— Бойцы, у меня есть для вас хорошая новость. Вчера вечером на совете командиров мне сообщили, что наш батальон отправляется на оборону Мехрана.
Раздались обычные в таком случае слова прославления Всевышнего и его Пророка. Продолжая свою речь, хадж Абульфазл приказал личному составу быть готовым оправиться в Мехран через два дня. В течение этого времени мы сдали наши вещи дивизионному интендантству, подождали немного, а потом отправились в путь.
На этом задании я по-настоящему узнал хадж Хосейна. Он всю ночь, не сомкнув глаз, распределял целый батальон в отведённых местах дислоцирования и окопах. Трудиться ему приходилось больше всех. Помнится, однажды мы не получили воды и питания, и пришлось нам тогда очень туго. Хадж Хосейн порядком вымотался к тому времени, но всё же сам сел в «тойоту» и отправился за провизией. Не успело солнце зайти за горизонт, как он вернулся с несколькими котлами харчей и целой охапкой хлеба, а за ним следом ехала ещё одна машина, гружённая цистернами воды.
И вправду, никто так не лез из шкуры, как хадж Хосейн. Спал он совсем мало и до полуночи проверял солдатские окопы и засады. Потом, вздремнув часок-другой, он вставал в пять или шесть утра, отвозил в тыл бойцов, которым надо было помыться, а потом привозил их обратно. Все дни напролёт мы сидели в карауле, а ночью устраивали засады. Наконец наступил месяц мохаррам с его обычными траурным церемониями. В день Ашуры, не выходя из окопов, мы в знак скорби били себя в грудь, а некоторые бойцы, несмотря на невыносимую жару, даже начали поститься, отказавшись от воды, чтобы тем самым почтить память имама Хосейна (да будет мир с ним!), страдавшего в своё время от жажды[34]. Через несколько дней на наше место прибыл новый батальон, а наш вернулся в гарнизон Докухе.
Стараниями строителей казарма для нашей дивизии была готова, и после возвращения нас перевели на новое место. Как обычно, на несколько дней нас отпустили в увольнение, а потом снова начались учения. Их тоже проводил хадж Хосейн вместе с другими офицерами.
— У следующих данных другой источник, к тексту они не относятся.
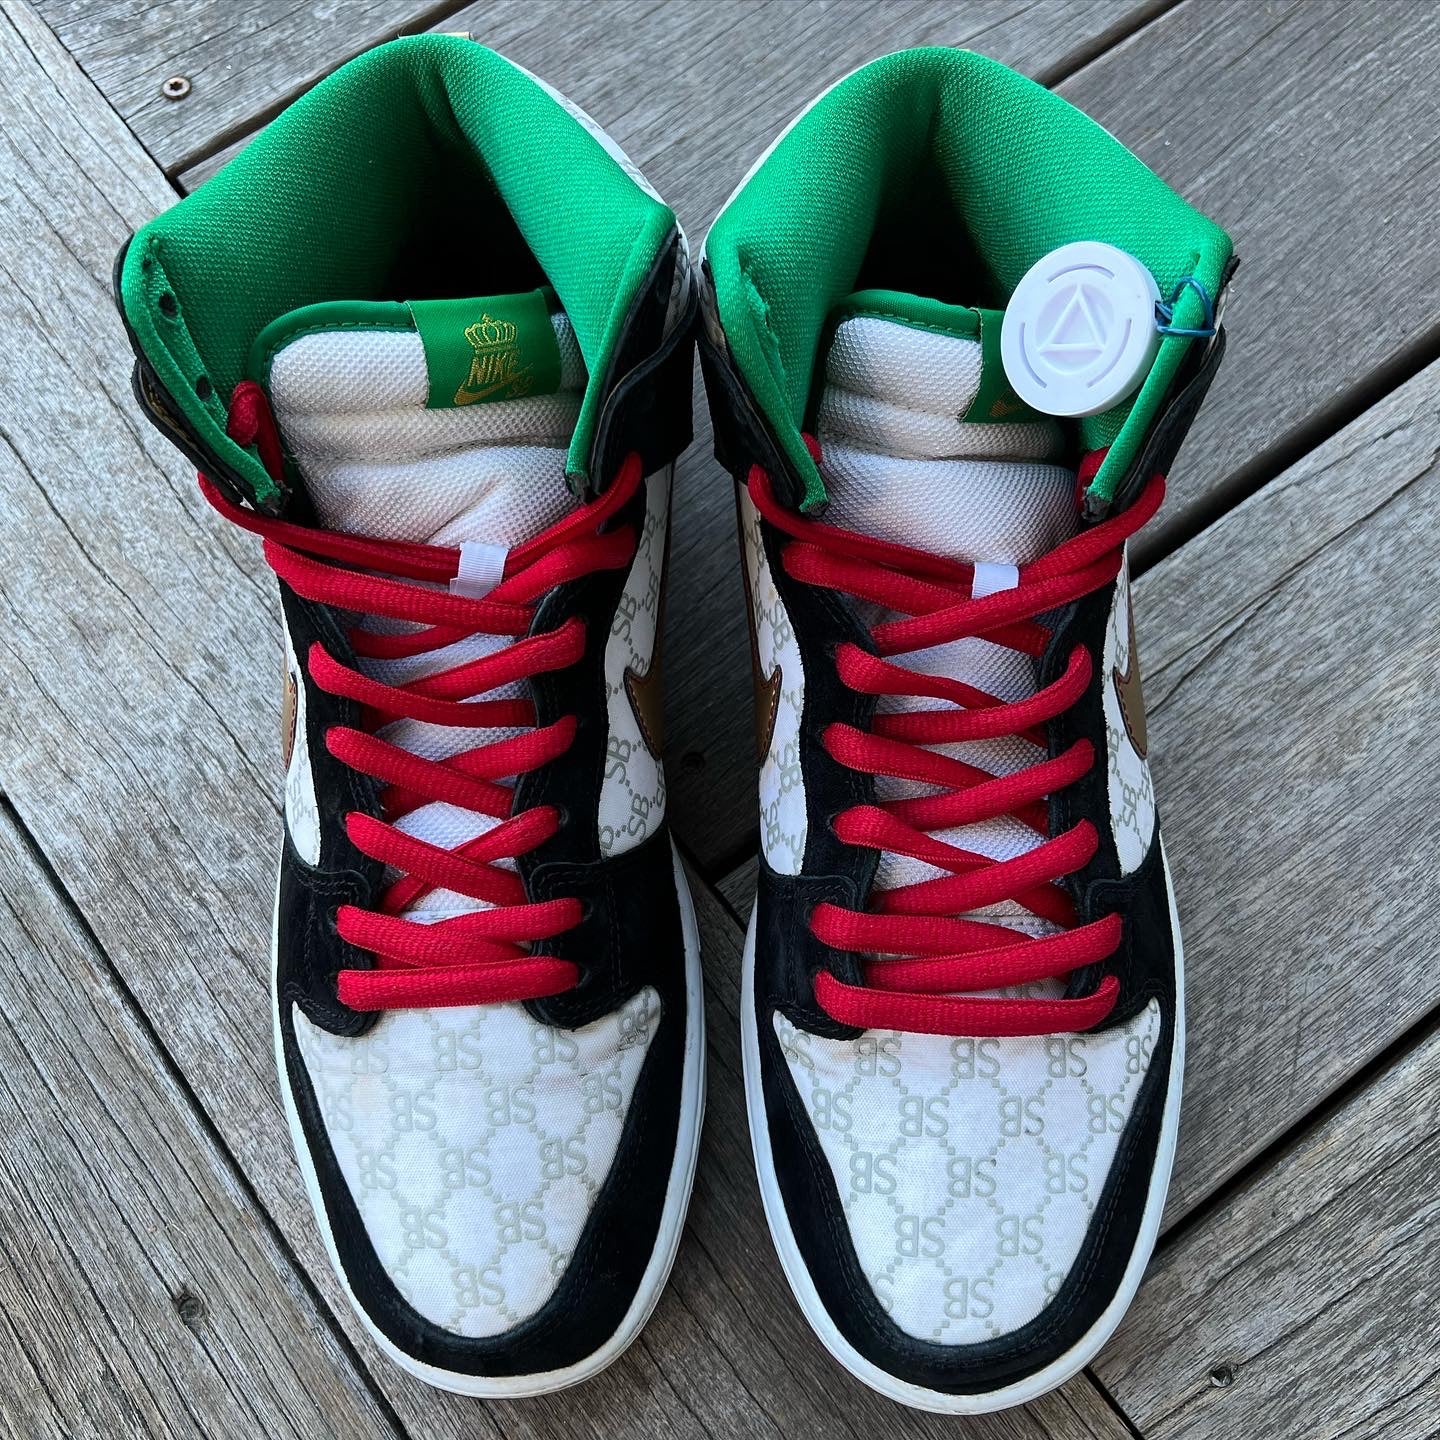 Nike SB Dunk High Paid in Full Size 11.5

Позже мы узнали, что в гарнизоне имама Хосейна (да будет мир с ним!) он отвечал за все тактические учения и, как рассказывали солдаты, занял там место героически погибшего Мисама, которого все знали как человека строгого, но справедливого.
Хадж Хосейн иногда заставлял нас так много бегать, что мы едва переводили дыхание, хотя после этого ещё предстояло ползти по-пластунски и переворачиваться на спине. Конечно, все эти упражнения он выполнял вместе с нами и даже быстрее. Если он заставлял нас разуться, чтобы бежать по камням и колючкам, то быстрее всех сам снимал ботинки, а если случайно кто-то допускал ошибку, то он вместе с провинившимся выполнял все штрафные задания. Благодаря такому своему поведению хадж Хосейн заслужил особое расположение у солдат. Он знал всех нас по именам и мог найти подход к каждому. К месту он мог и пошутить с бойцами. Одним словом, хадж Хосейн был добрым малым. Он всё время участвовал в матчах по футболу, партиях в теннис и беге, но, когда нужно, становился очень серьёзным и сдержанным.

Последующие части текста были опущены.